[Exercise brief]
From the first line to the last, repeat the data exactly and drop the pictures.

[Data segment]
————

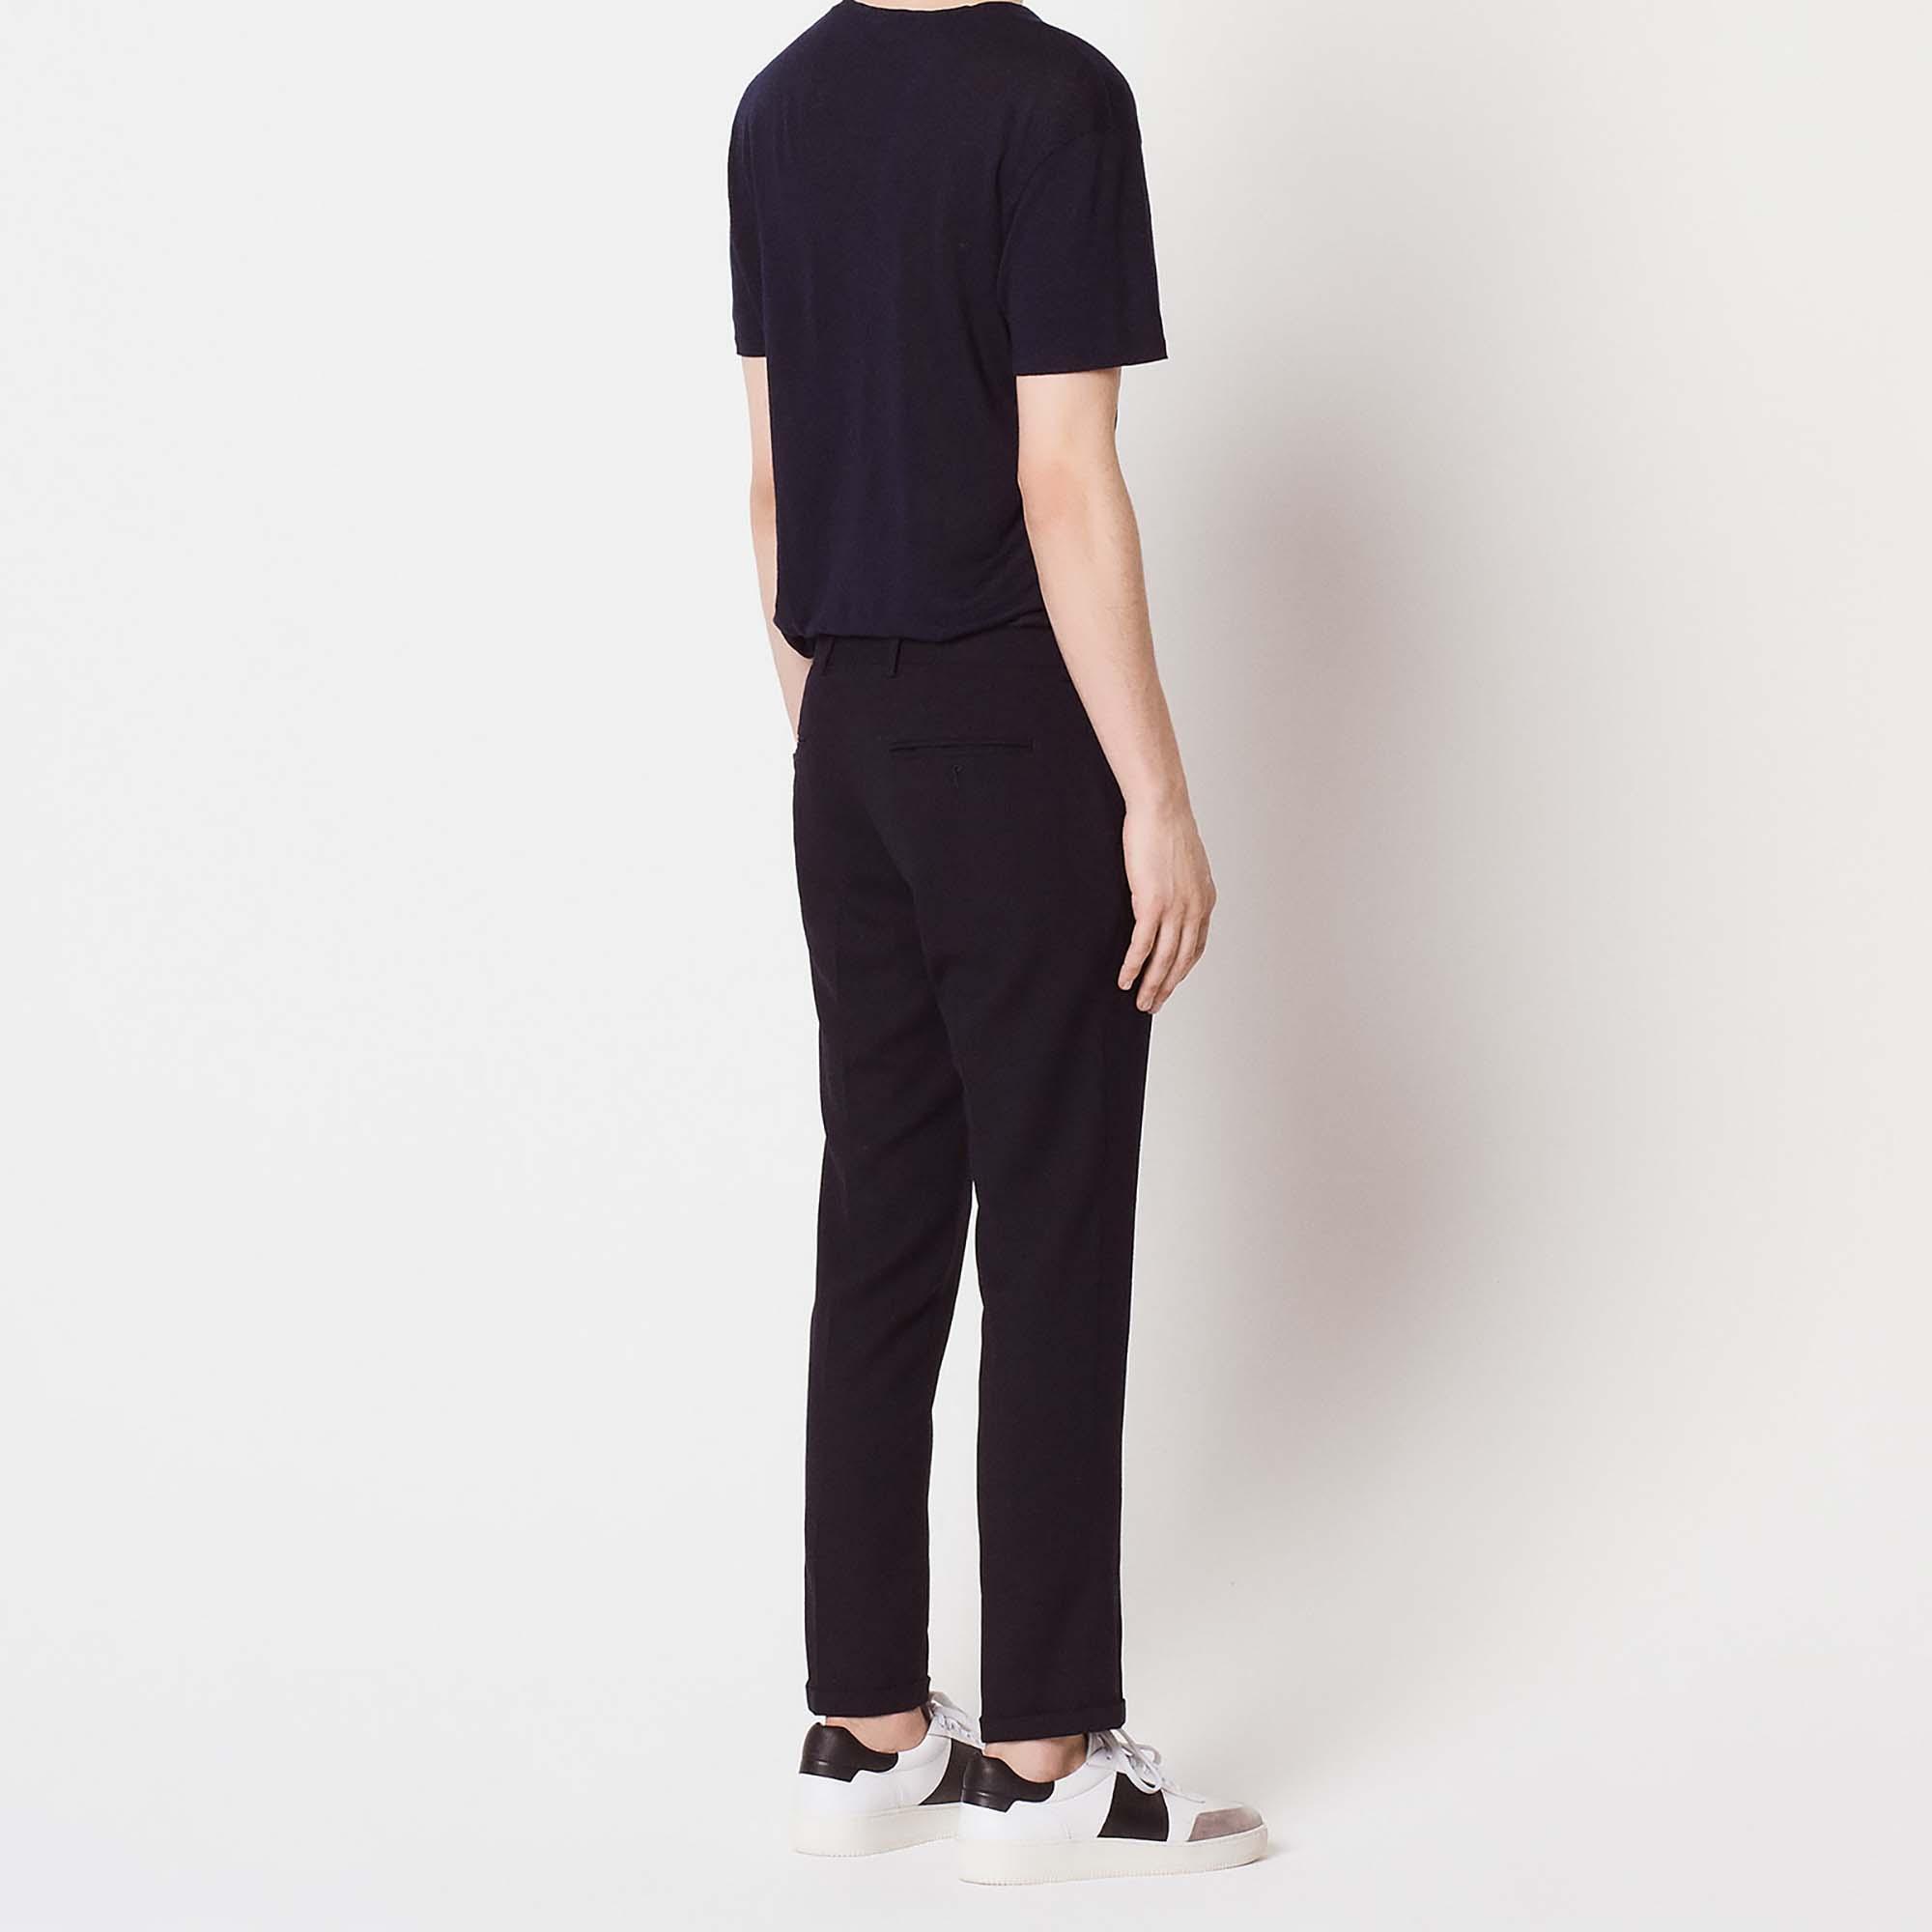 berkeley pantalons shorts sandro paris. Black Bedroom Furniture Sets. Home Design Ideas
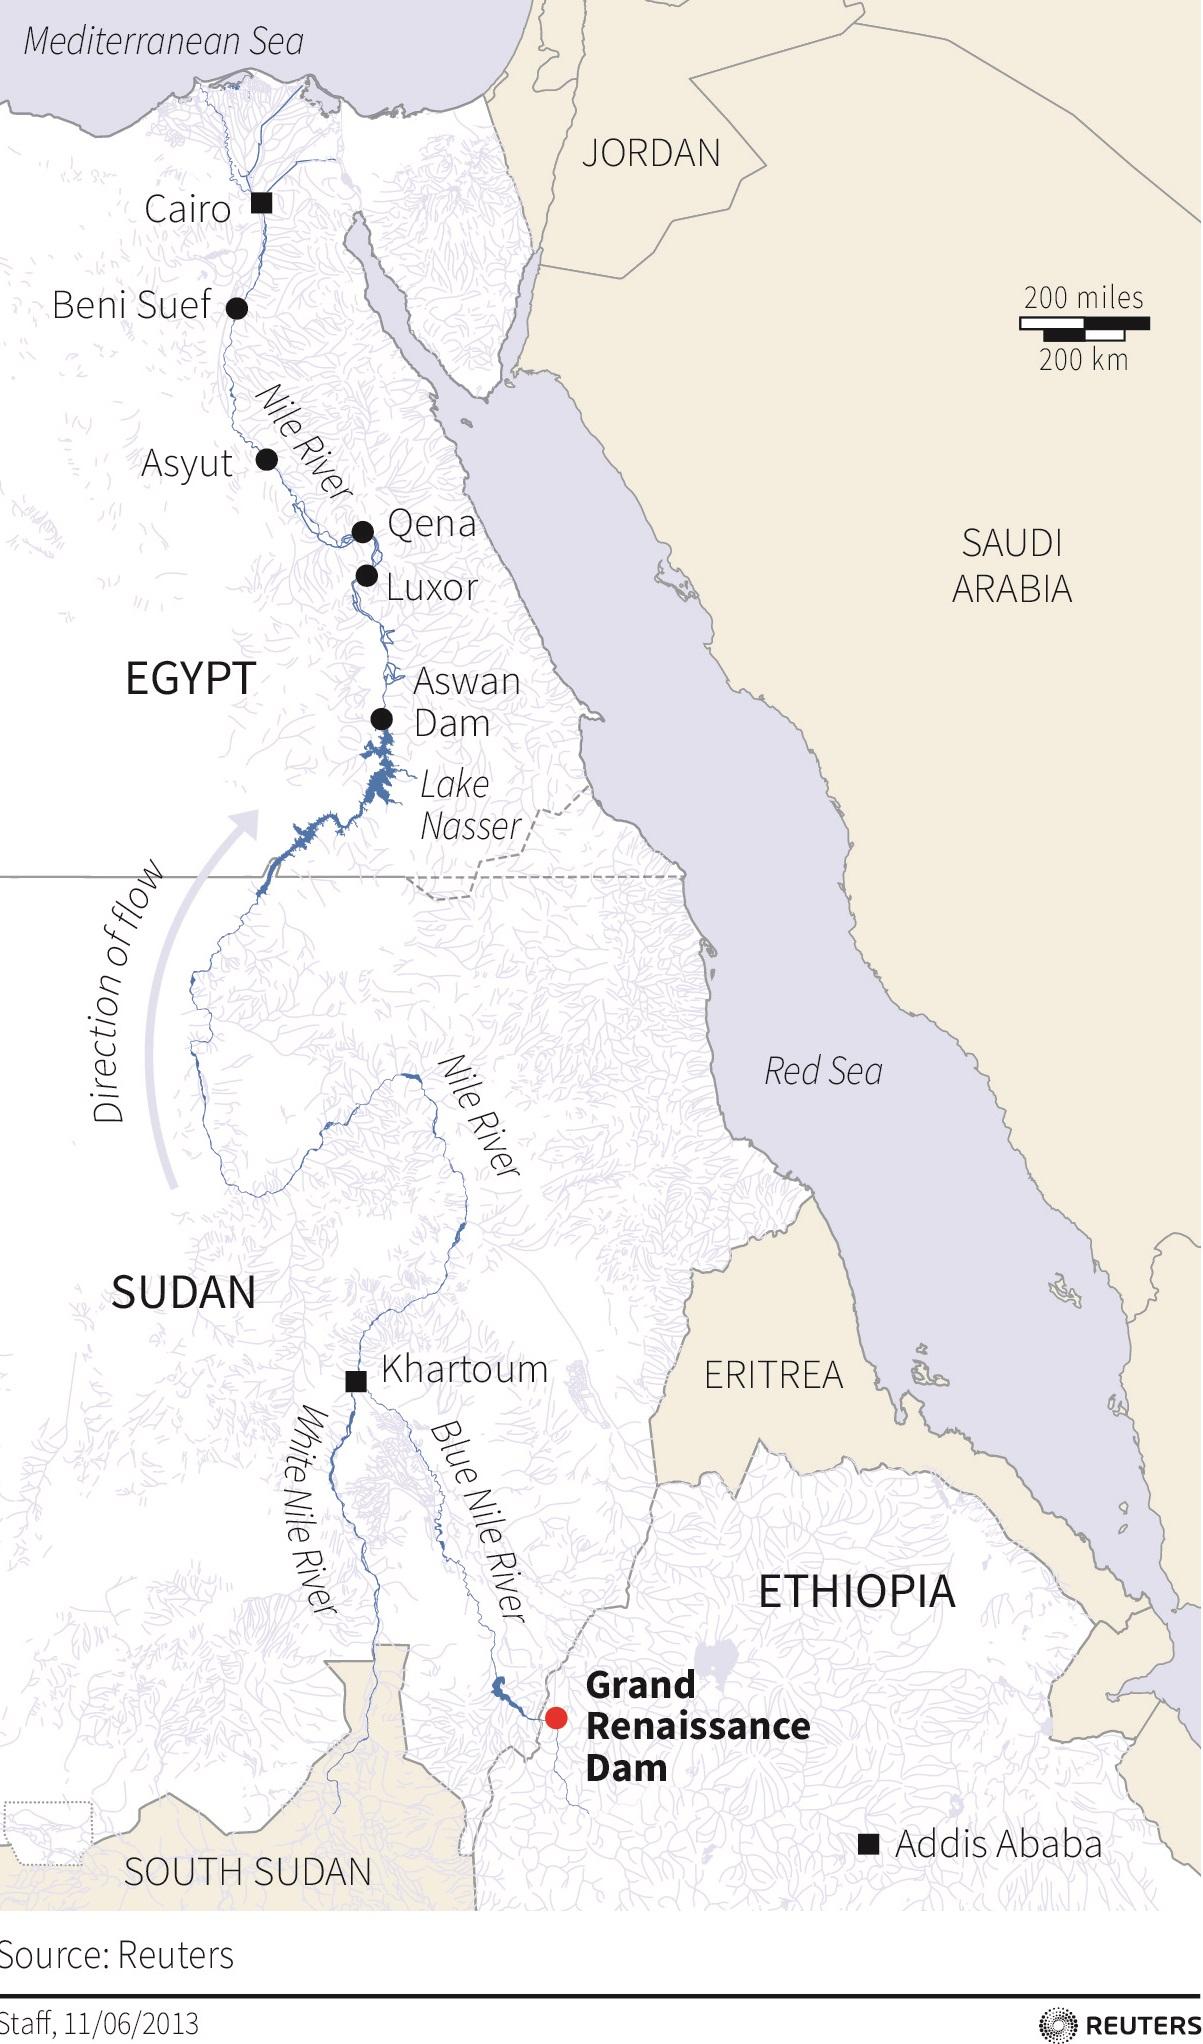 Grand Ethopia Renaissance Dam Nile Map (cropped)
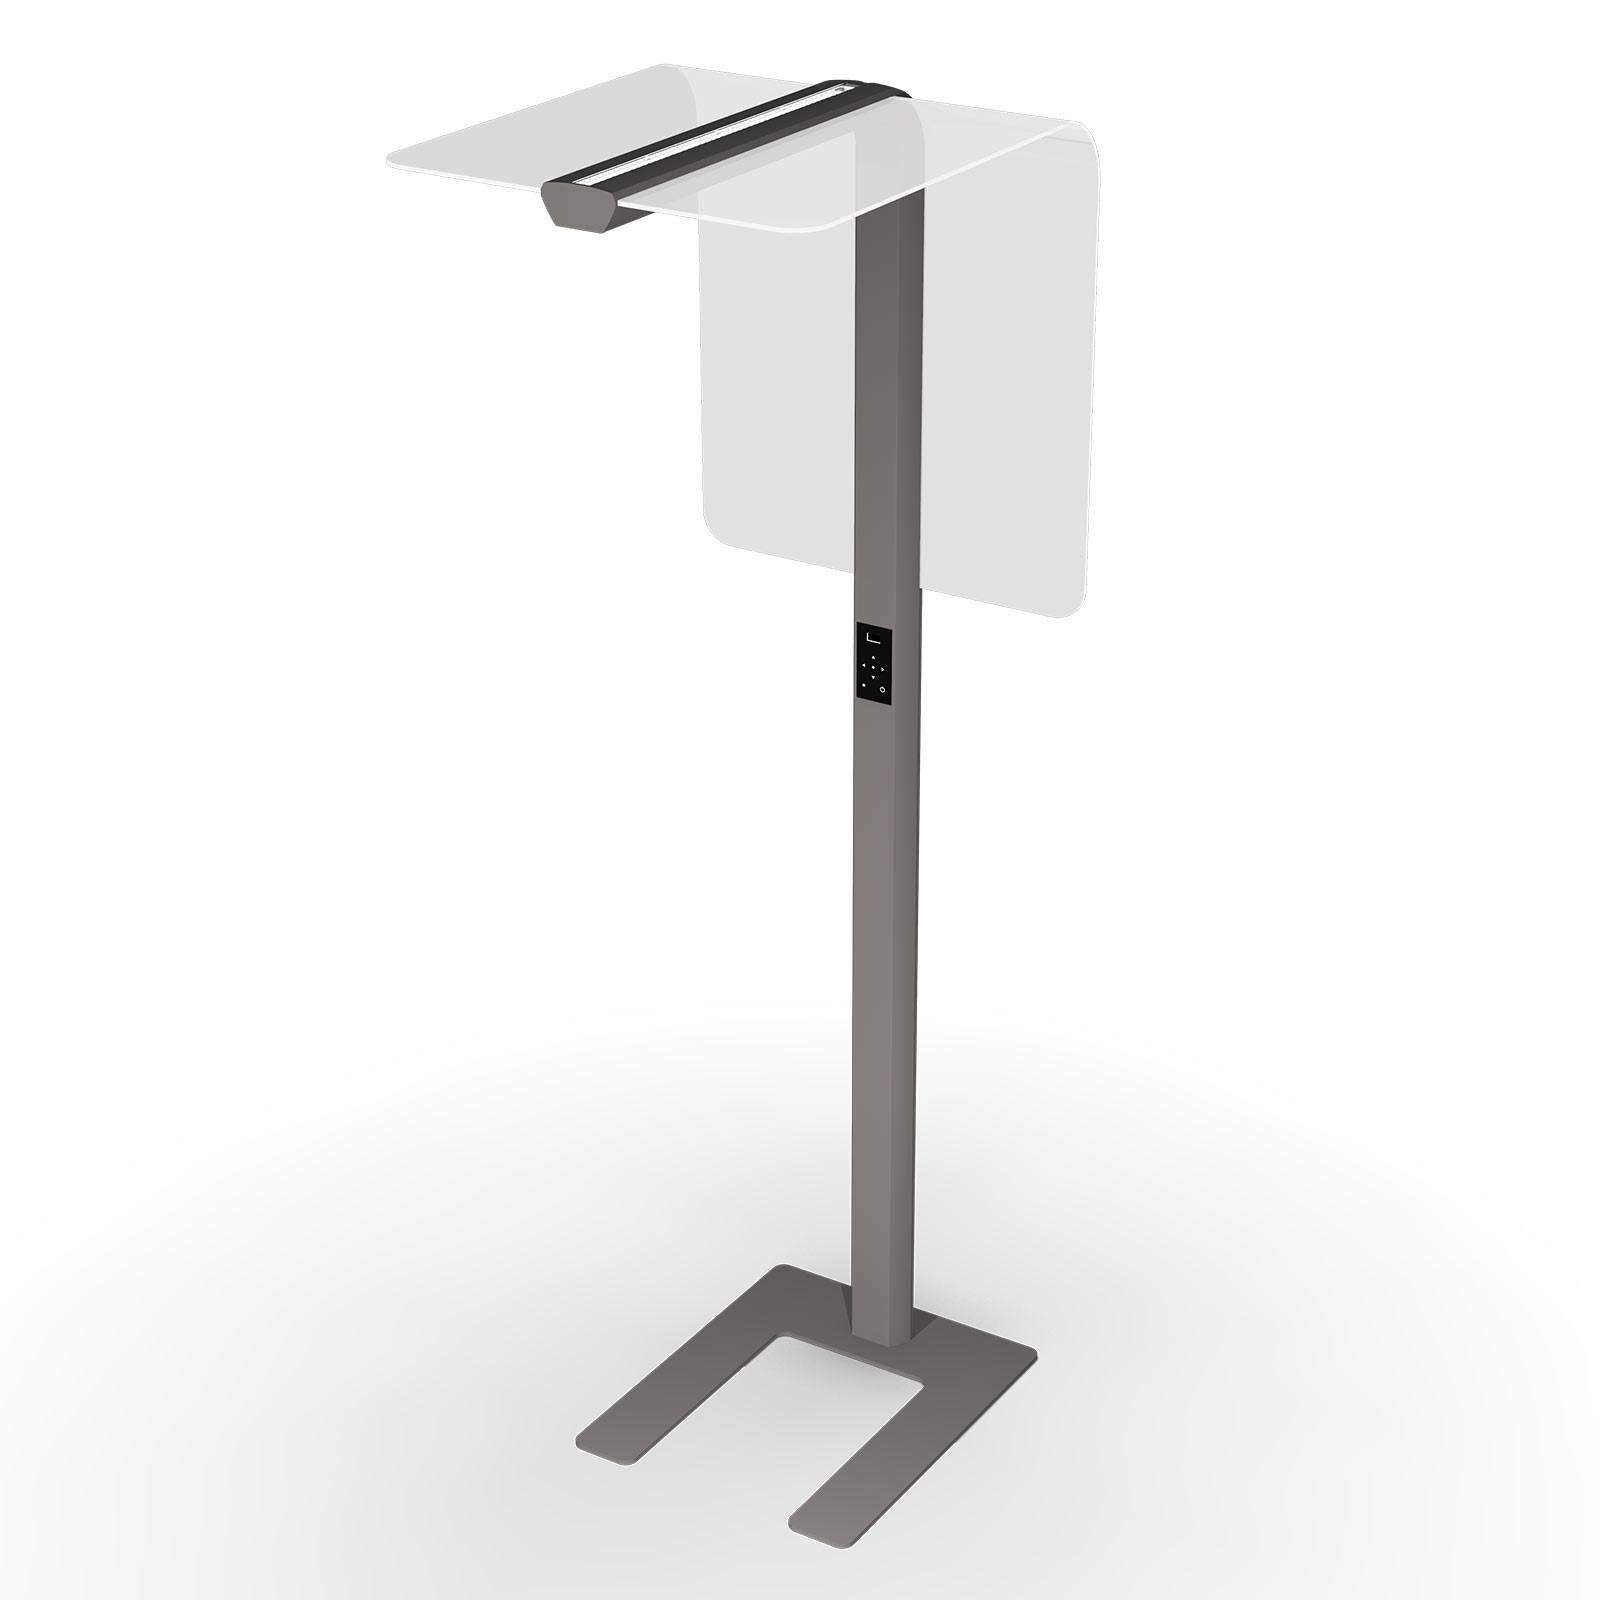 LED-Stehleuchte eva place 2D1E RAL 9006 weißalu

————

[Final answer]
 berkeley pantalons shorts sandro paris. Black Bedroom Furniture Sets. Home Design Ideas
 Grand Ethopia Renaissance Dam Nile Map (cropped)
 LED-Stehleuchte eva place 2D1E RAL 9006 weißalu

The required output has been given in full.